> **PROBLEM TO WORK ON**: Would you output all the lines below precisely as they stand, leaving each picture out?

> **INFORMATION PROVIDED**:
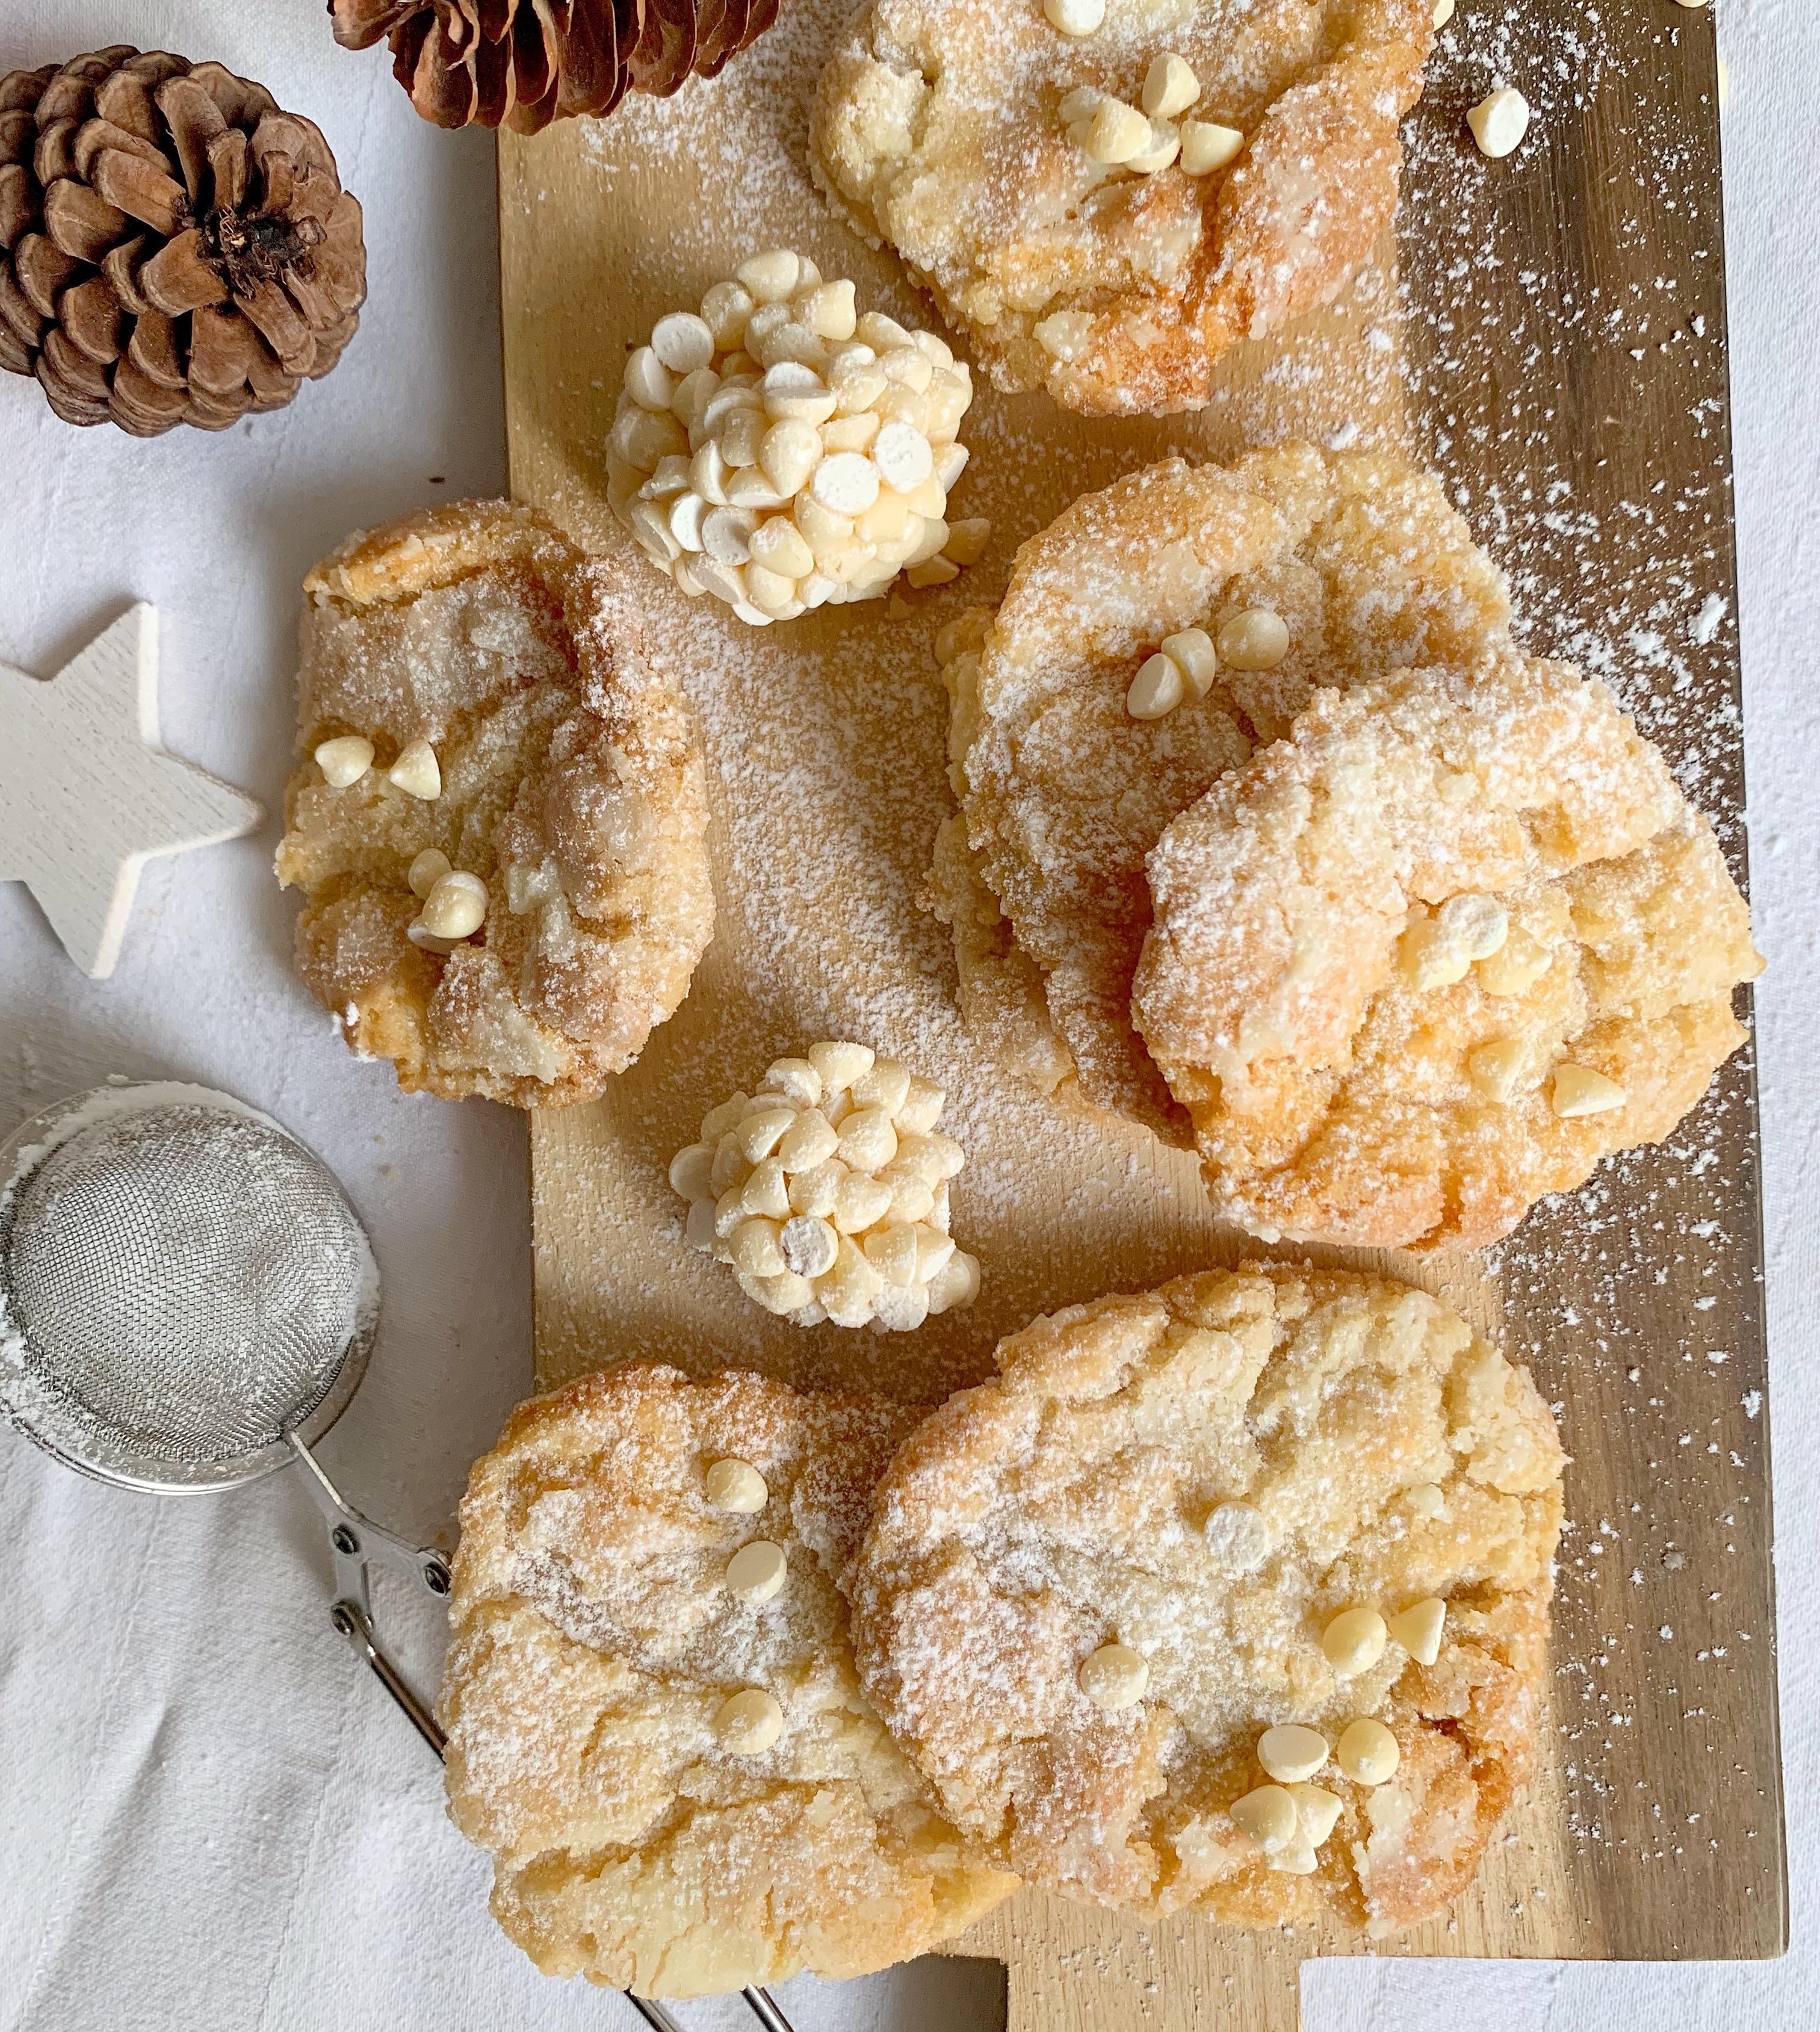 Cookies al Cioccolato Bianco Senza Burro, una variante golosa e originale di dolci senza burro
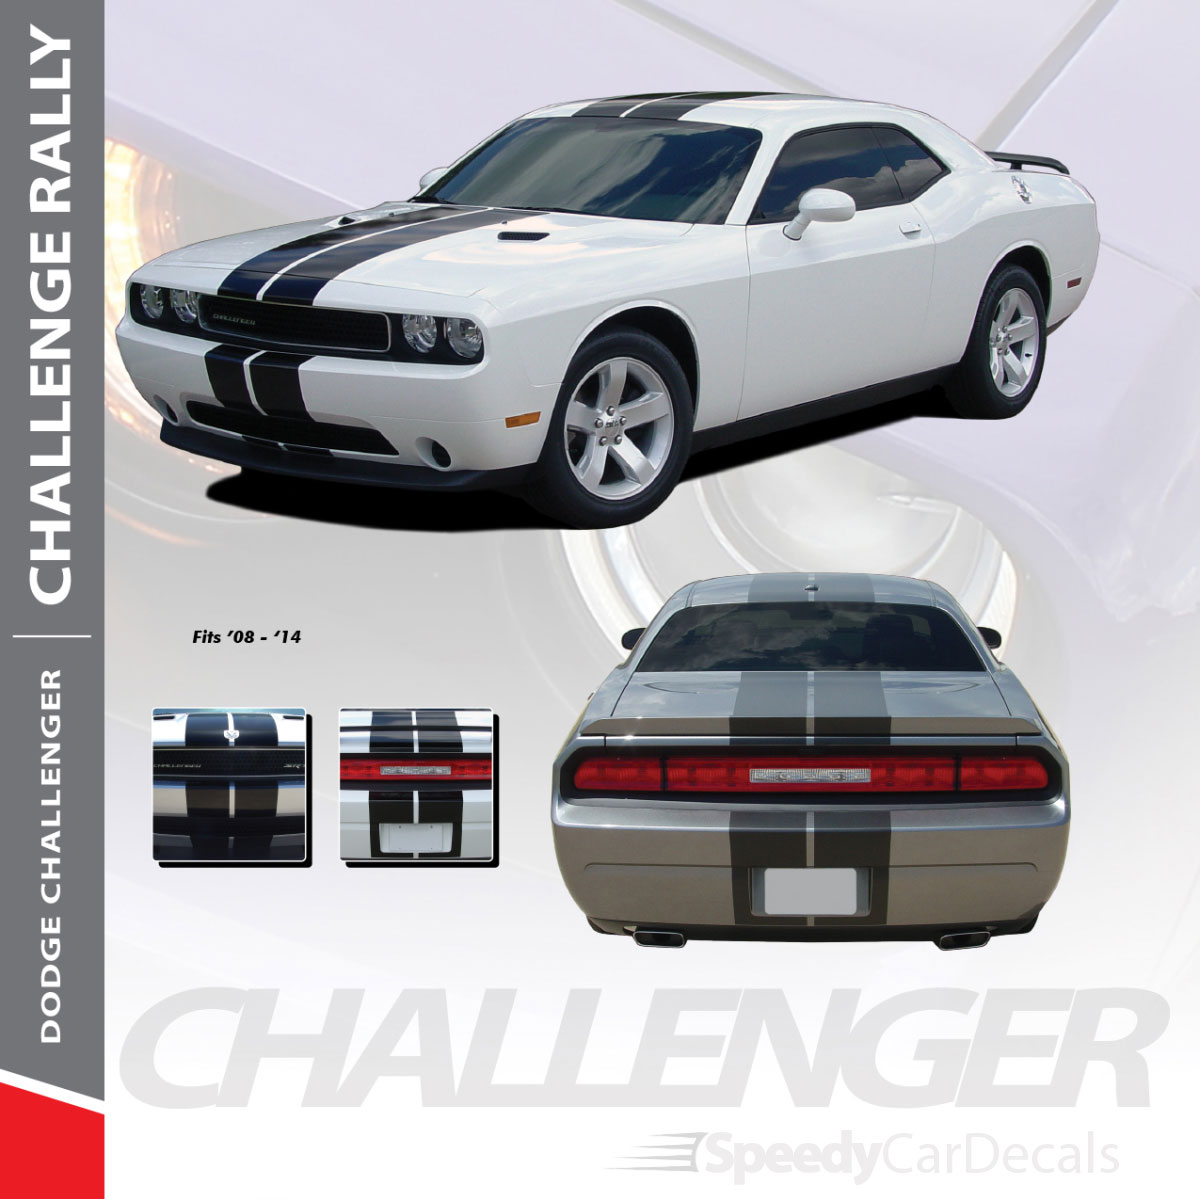 2009-2018 Dodge Ram Performance Sport Outlined Split Hood Stripe Stripes Decals
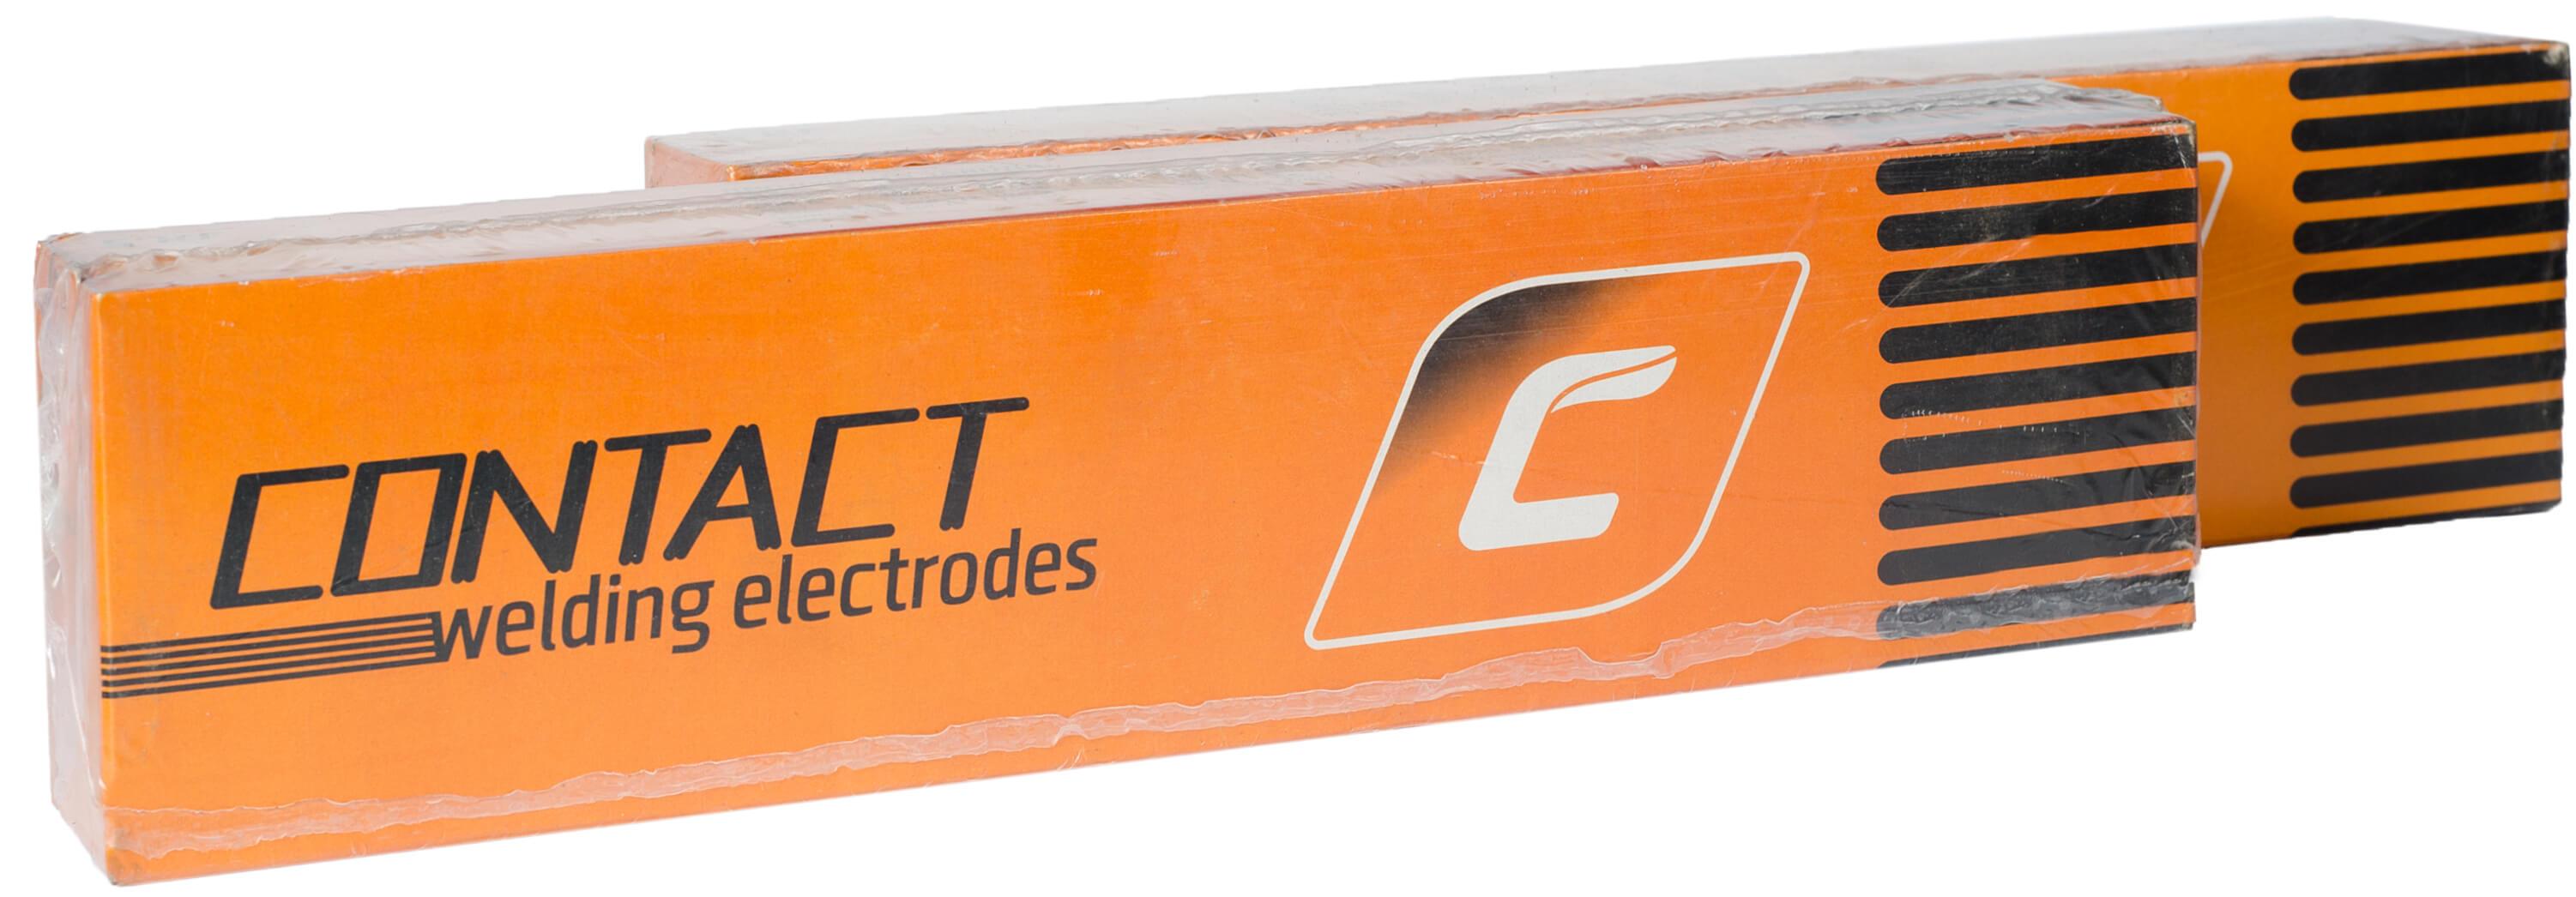 TM CONTACT Электроды для сварки меди, чугуна и алюминия

> **EXERCISE ANSWER**:
 Cookies al Cioccolato Bianco Senza Burro, una variante golosa e originale di dolci senza burro
 2009-2018 Dodge Ram Performance Sport Outlined Split Hood Stripe Stripes Decals
 TM CONTACT Электроды для сварки меди, чугуна и алюминия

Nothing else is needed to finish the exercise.